The chip market is a house divided. On the smartphone and tablet front, virtually every device you use, manage, and love is powered by tiny system-on-a-chip (SoCs) designs, processors which present a fundamental leap in the old design paradigms of decades past. Meanwhile, servers and PCs, while offering terrific performance, are still holding on to dated design models.
Evolution in the mobile market has been defined by the rise of the IP core, licensed circuit designs. This flexible approach allows companies like Qualcomm to compete -- and win -- in the mobile space against veterans like Intel, which have vastly bigger research and development budgets. The key is teamwork and agility. With the IP core paradigm, licensers like MIPS Tech. (now owned by Imagination Technologies) or ARM Holdings release basic circuit designs, with all the fundamental logic blocks. This takes the basic design load off the implementer, who merely has to customize the chip with extras like I/O (think LTE modems, image processing, and so on).
By comparison, the server and workstation markets still follow a dinosaur of a chip design paradigm. Each OEM goes out and does the entire design process itself, producing monolithic chips. The approach is sort of the digital equivalent of Ayn Rand's objectivism -- in the sense that it is radically individualist.
But this age of radical individualism in the PC market is coming to a close.
IBM has been working closely with ARM since 2011 to develop a co-designed mobile SoC dubbed Cortex-M0, which will put nearly all the components of the smartphone -- RAM, wireless modems, CPU, GPU, power management circuitry, and possibly even the camera sensor, onto a single tightly wired CPU. While no official announcements have been made, it is a pretty safe bet that IBM will look to apply the lessons learned to its server chips.

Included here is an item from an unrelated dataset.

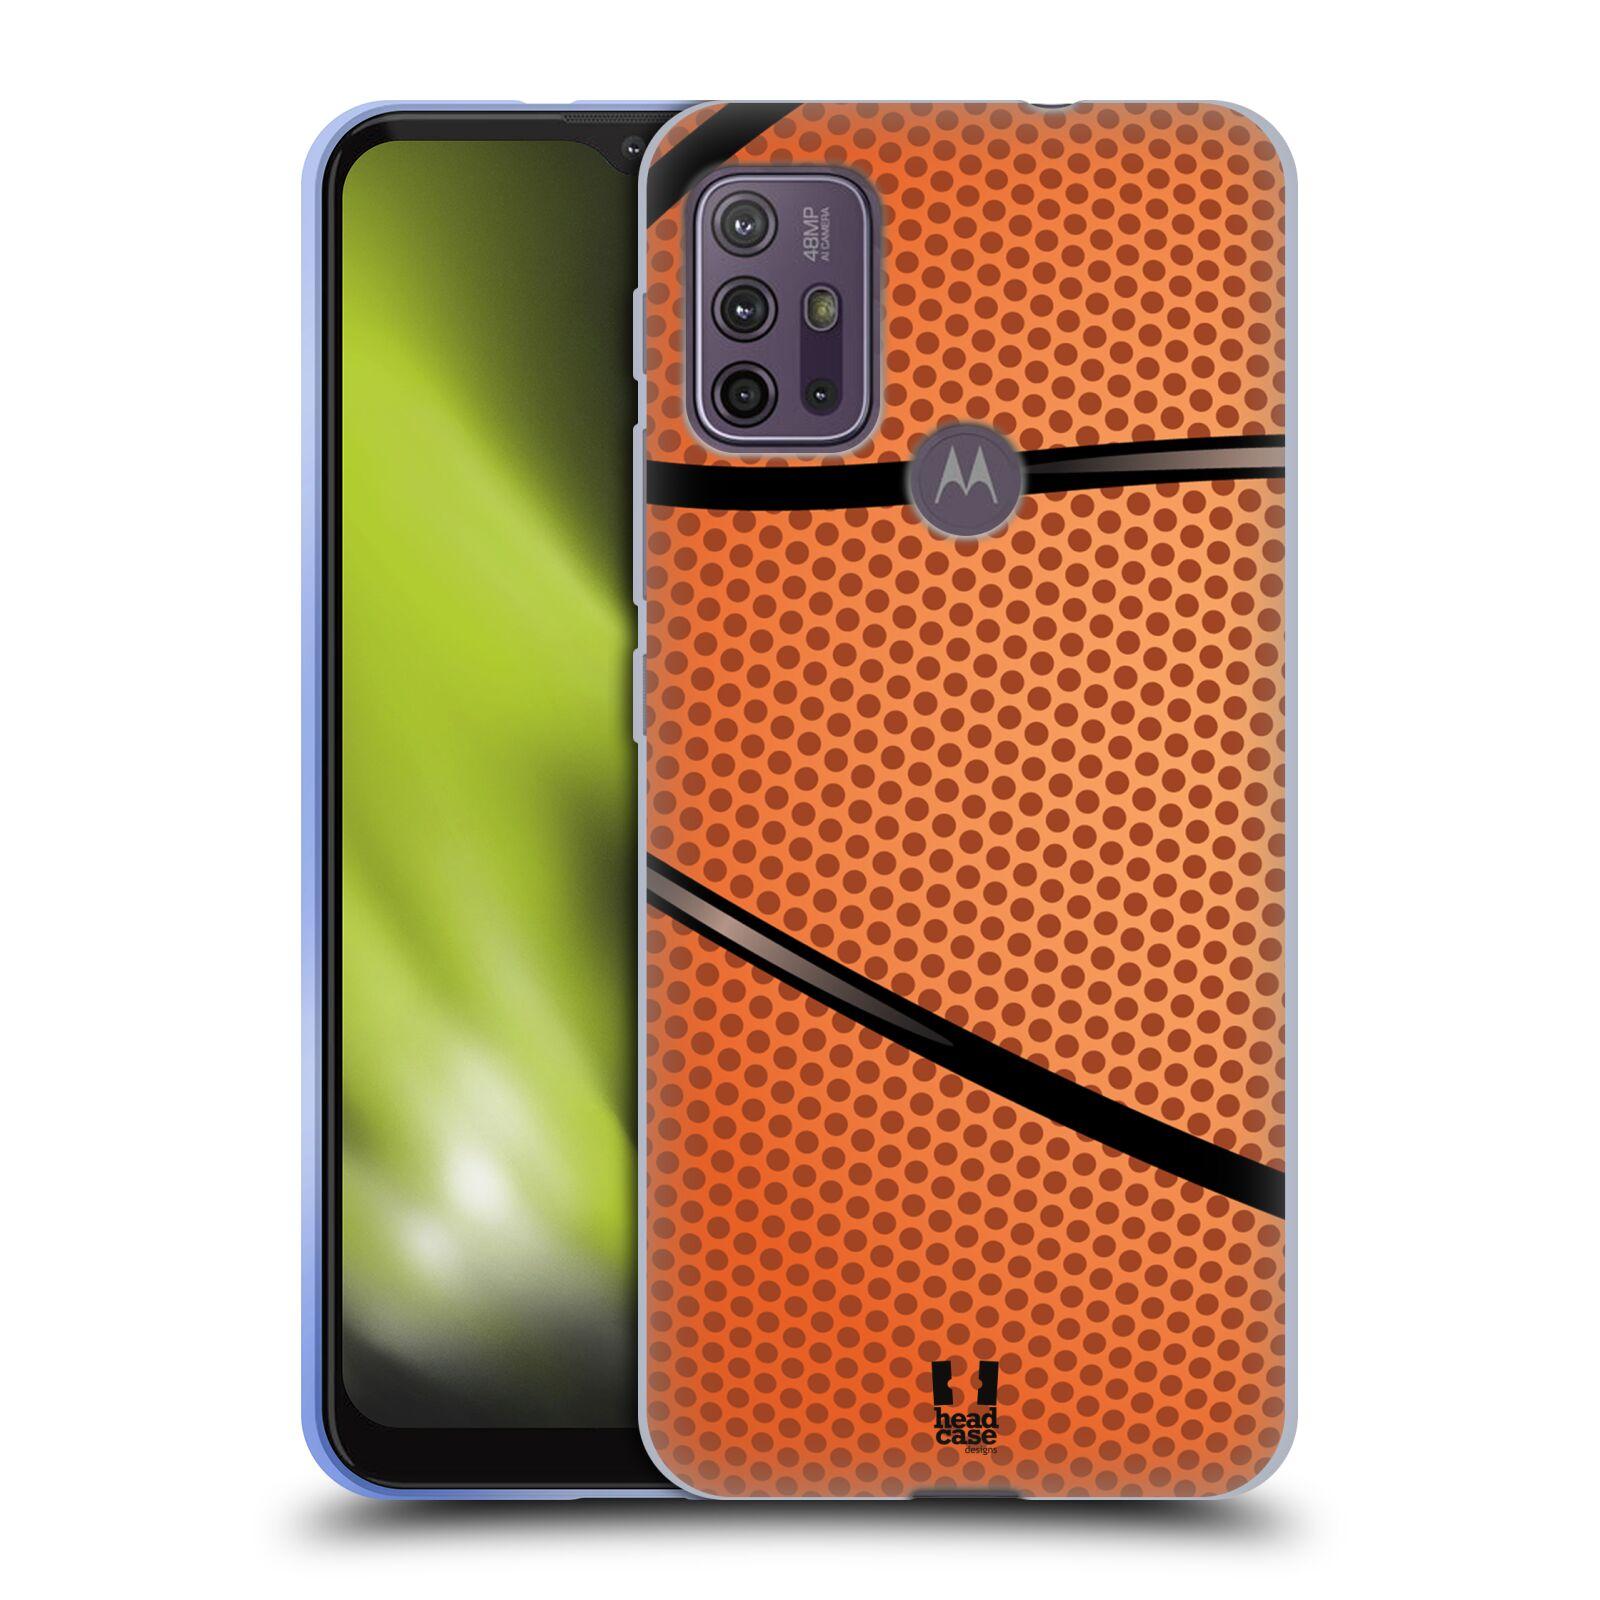 Silikonové pouzdro na mobil Motorola Moto G10 / G30 - Head Case - BASKEŤÁK

AMD is following a single route. It's promoting a concept called "heterogeneous computing" and has also announced it will be offering ARM Opterons (64-bit) to the server market in 2014. It took me a while to wrap my brain around what exactly AMD means by
"heterogeneous" because the company is purposefully vague about the term.

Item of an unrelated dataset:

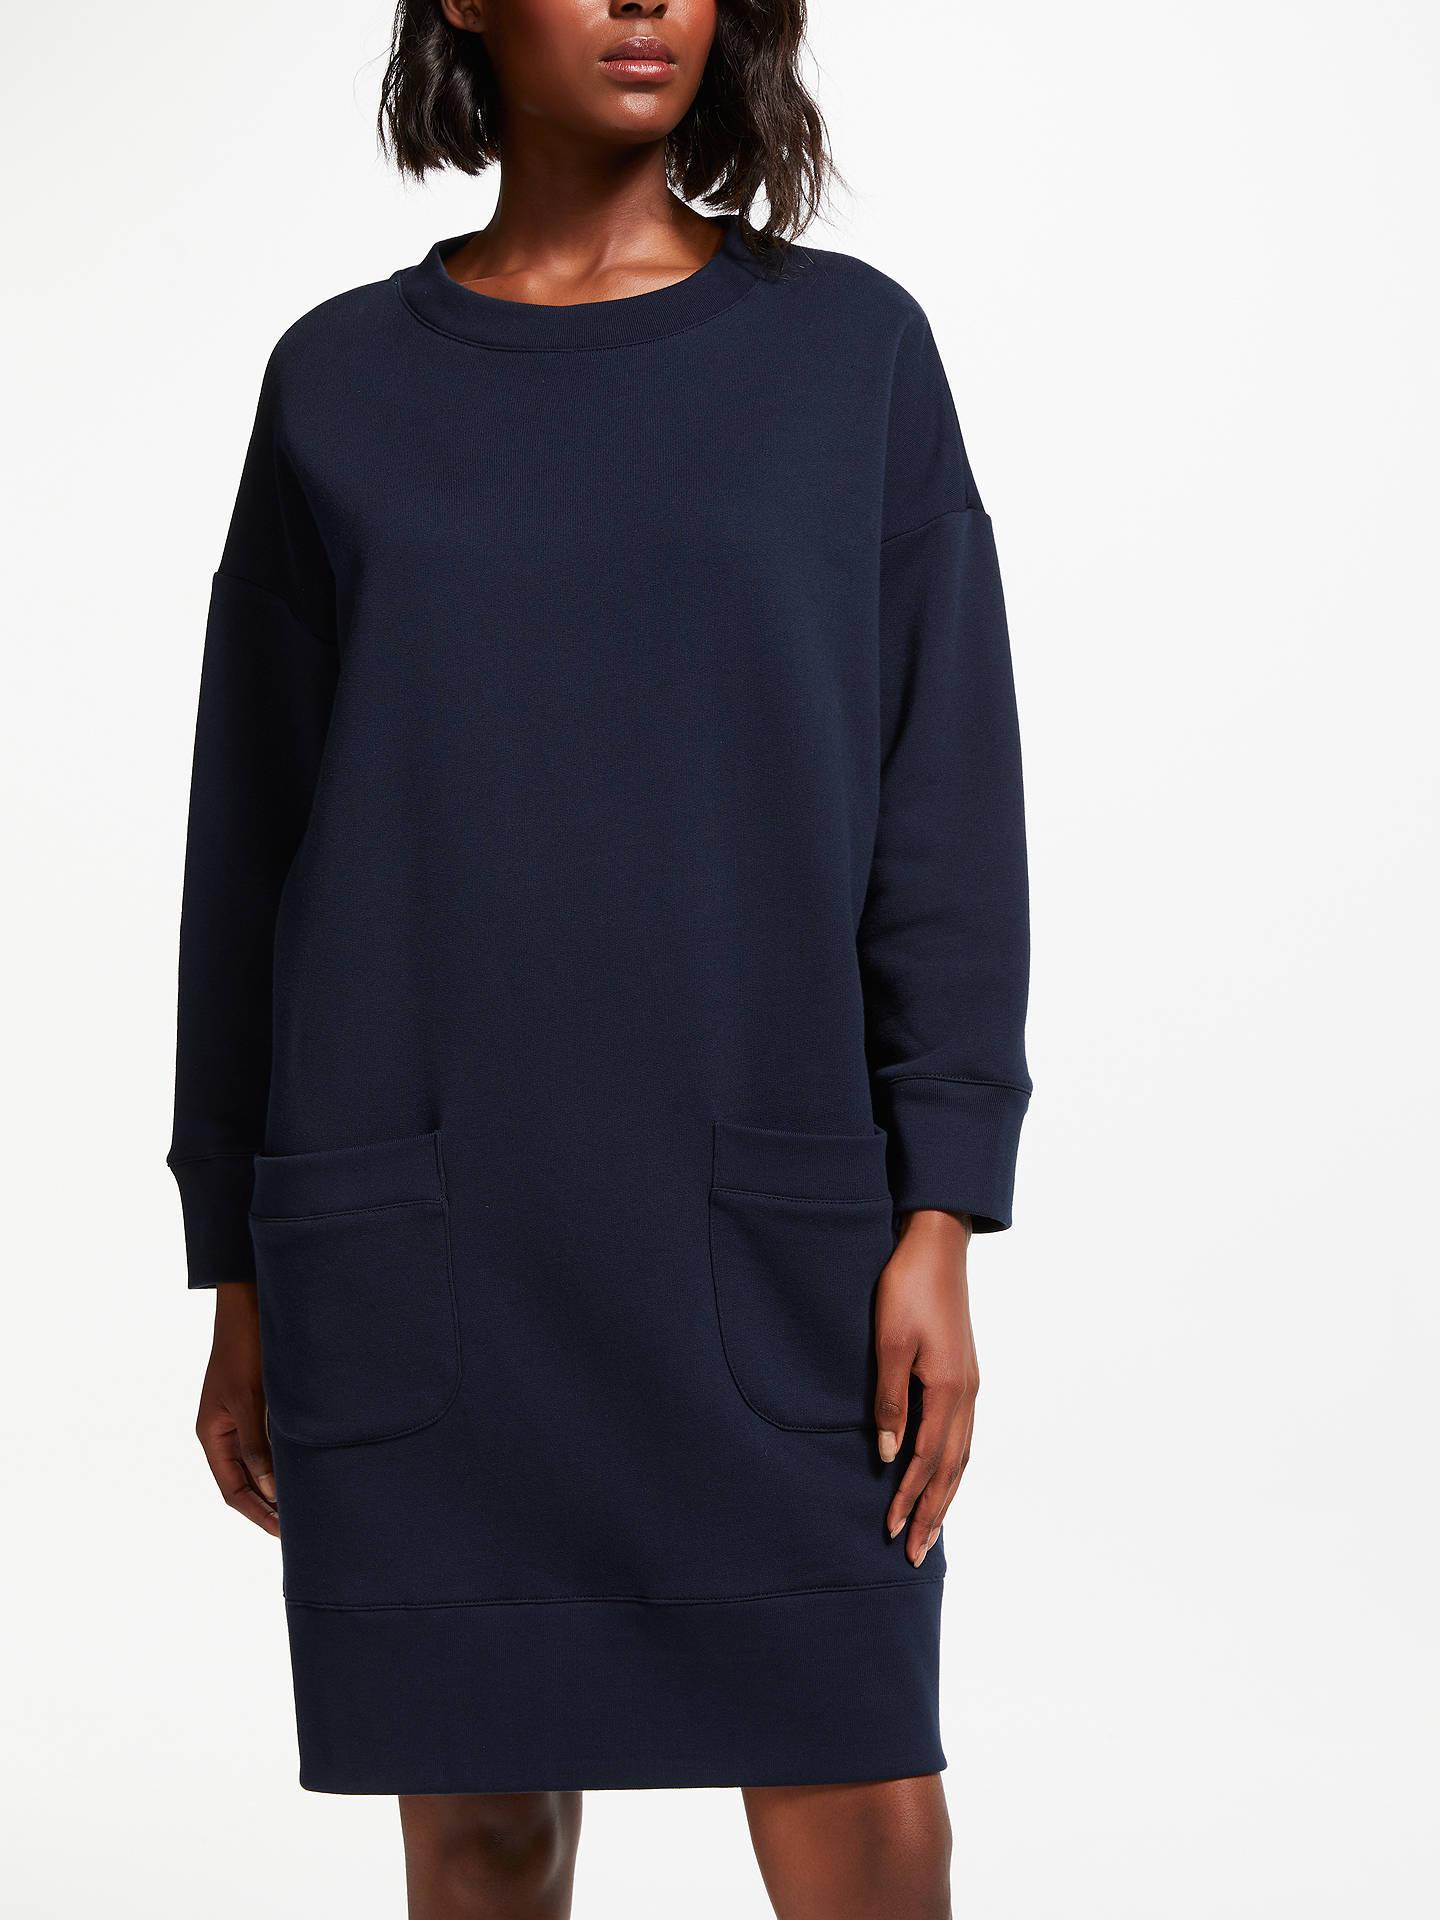 0a8e7ac7a9 Buy Kin Longline Sweatshirt Dress

But I believe it's not just buzz. Heterogeneous computing could arguably be defined as the practice of mixing co-designed GPU cores, larger CPU cores (think Power6, Ivy Bridge, or PileDriver), and smaller CPU cores (think smartphone ARM Cortex cores). Math-heavy loads will be shuffled to the GPU cores; lightweight virtualized loads can be shuffled to the small CPU cores; branched processing-intensive will be loaded onto the larger CPU cores.
To date, no one player has achieve this triple architecture. But it is coming, as each of these fundamental building blocks -- the graphics core (essentially, a parallel math coprocessor); the lightweight core; and the monolithic core -- each have a valuable and unique role.

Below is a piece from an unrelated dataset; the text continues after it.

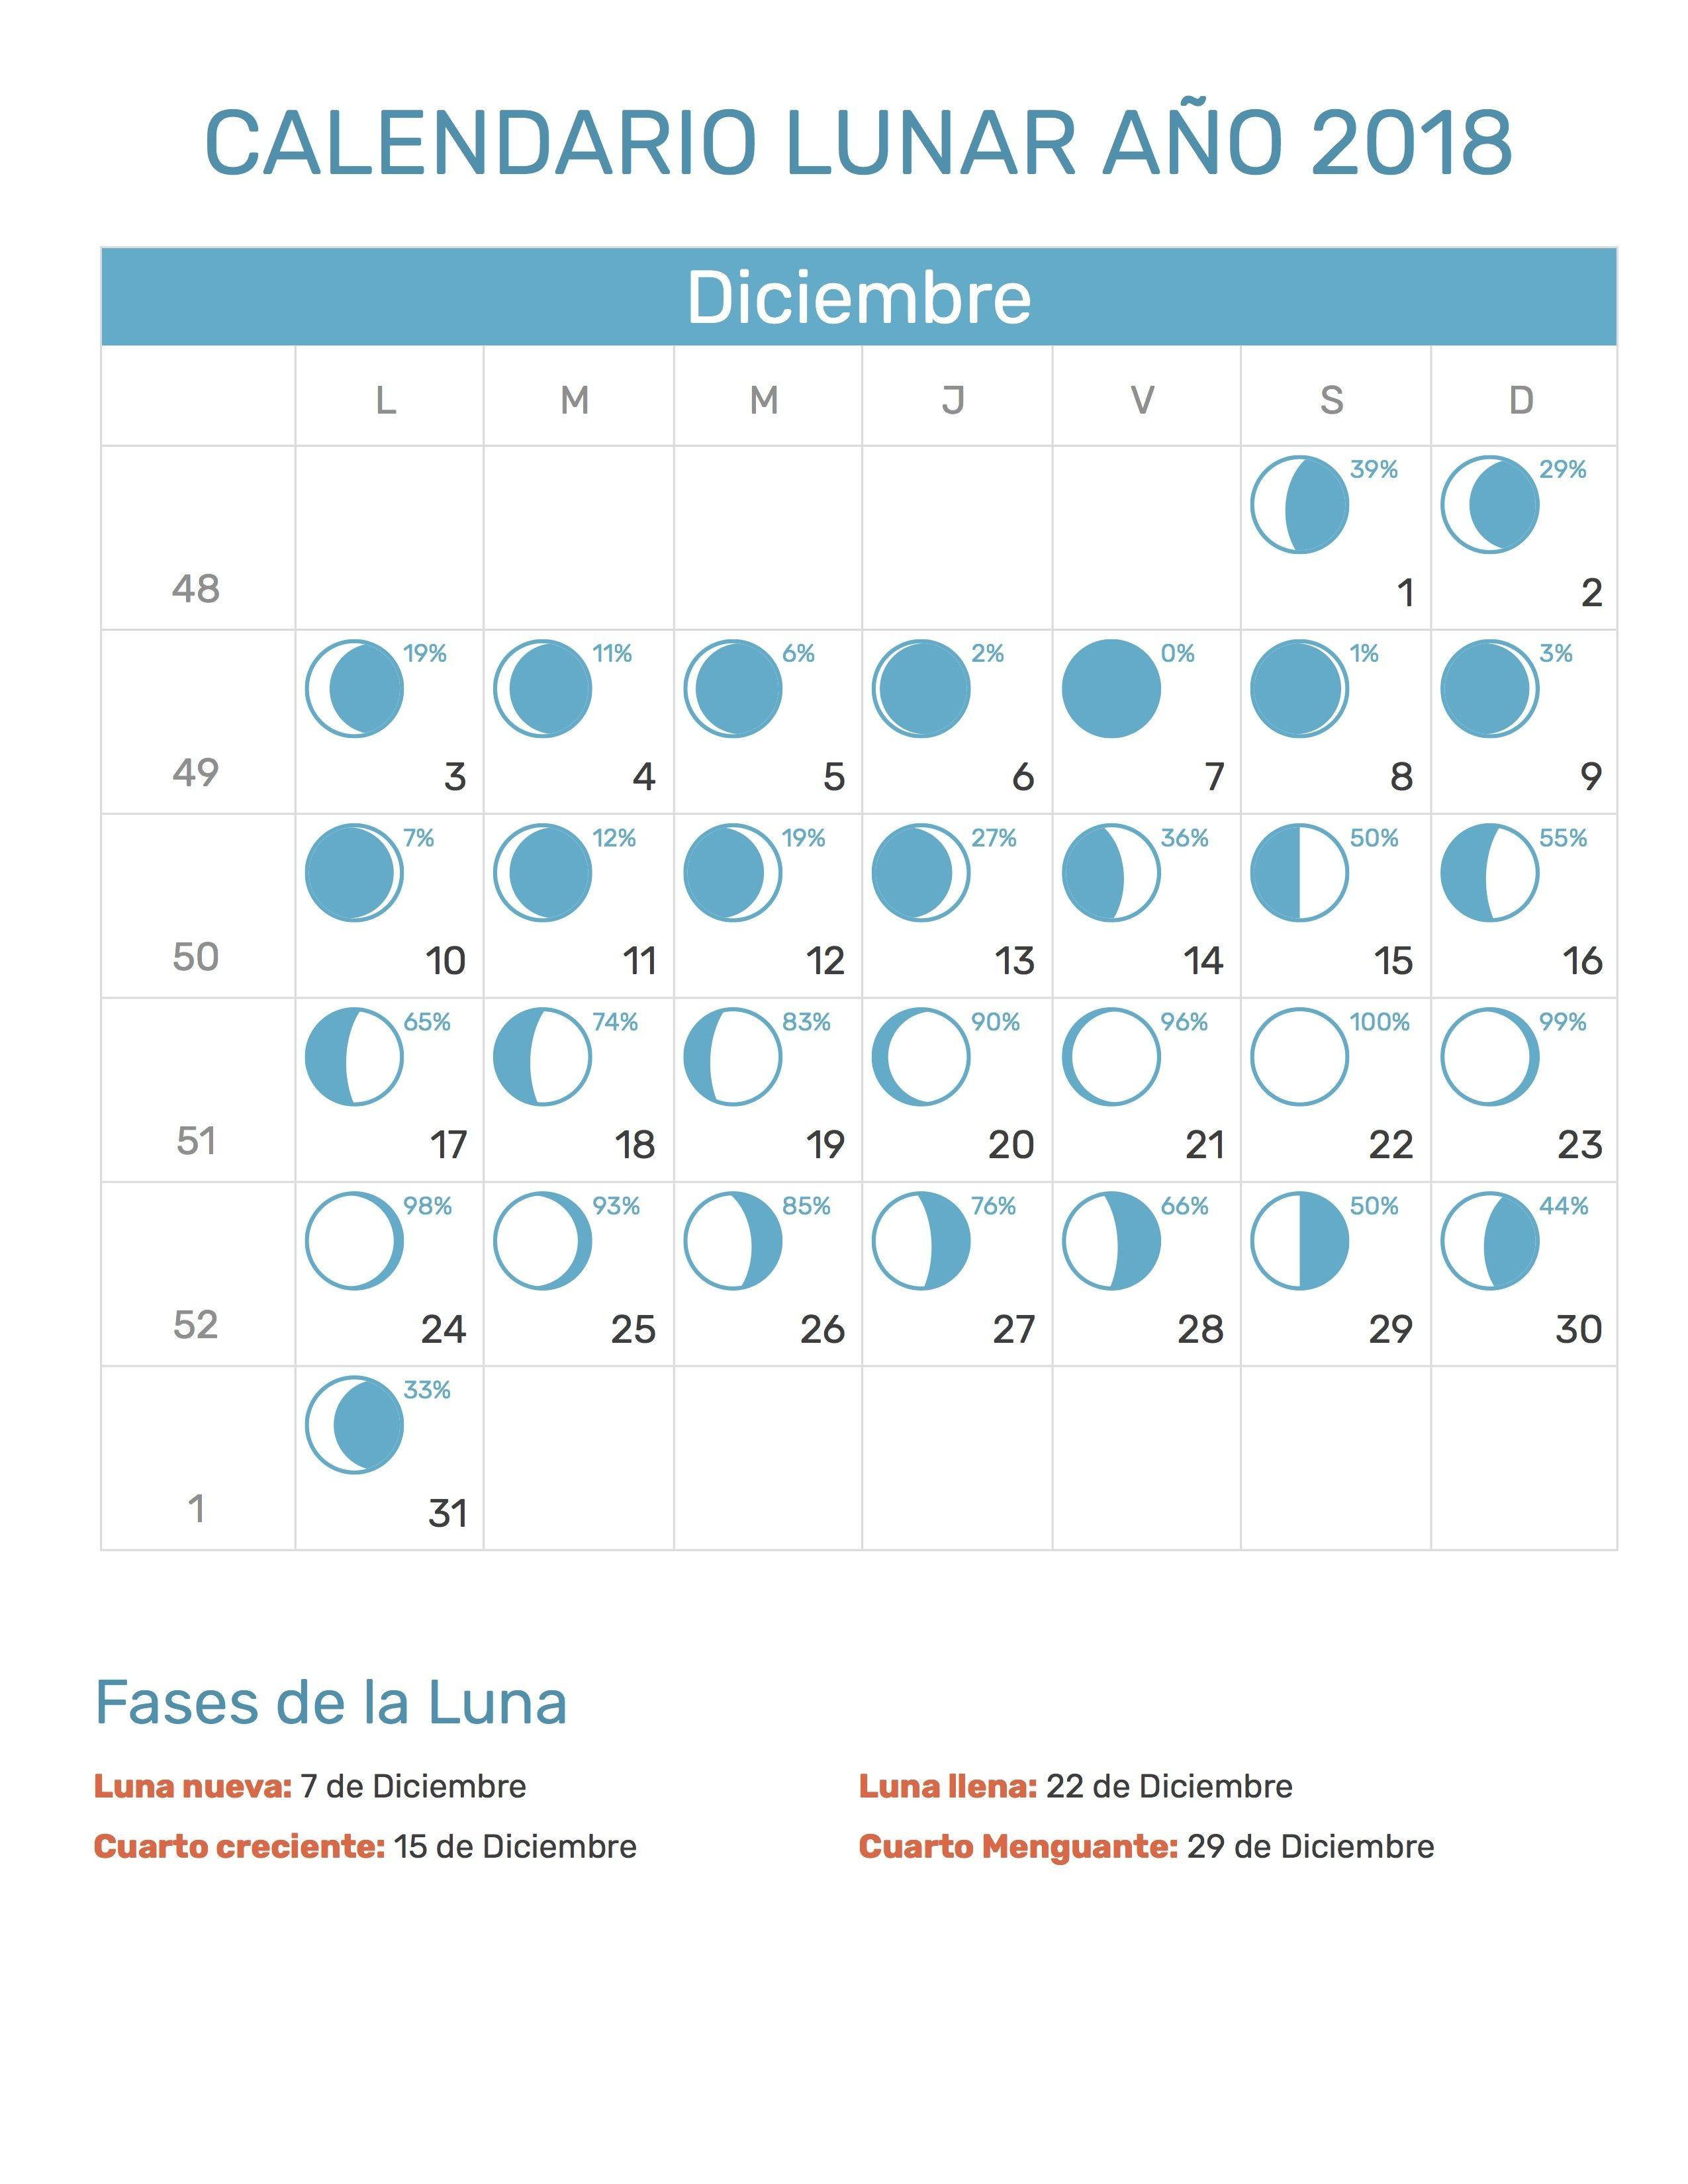 Calendario Para Imprimir Con Feriados 2019 Argentina Más Recientes Pin De Calendario Hispano En Calendario Lunar A±o 2018 Of Calendario Para Imprimir Con Feriados 2019 Argentina Más Caliente Best Calendario Marzo Abril 2017 Para Imprimir Image Collection

Co-designed, customizable, mixed, triple-component core (CD-MTCC) chips will be perfectly suited for power savings and a highly virtualized datacenter. In the datacenter of the future, large hosting firms will be able to work with chipmakers to produce custom-fit cores. For example, there will likely be a subset of servers with more graphics core-heavy chips, capable of serving online gaming clients needs. There will be a subset of servers with lighter CPU core-heavy chips, which will support clients whose service is driven on lightweight transactions (e-commerce, for example). Finally, for web application clients, there will be larger CPU core-heavy chips. Each type of chip will have some of the other core kinds, to support the odd cases where more of the less typical kind of processing is needed.
Ultimately, this approach will kill the traditional monolithic core and conquer the server market. It will also likely necessitate a wholesale transition to RISC instruction sets, to support a modicum of code homogeneity between the three kinds of cores. I expect even Intel, which is already working to merge GPU IP cores with some of its chips, to adopt a similar MTCC SoC approach, even if it alone has the resources to buck the greater overarching co-design push.
RISC server SoCs will pop up in 2014. Expect the next arrival to be mature designs combining heterogeneous RISC CPU core sizes in the 2016 to 2020 timeframe. Users can simply sit back and enjoy the coming improvements, as this new hardware model should decrease costs and improve service. For those in the serving business and hardware front, however, a tough decade is coming up as the industry prepares to make this radical shift.
But the benefits will be great when the work is done.
— Jason Mick is senior news editor at the independent tech news site DailyTech.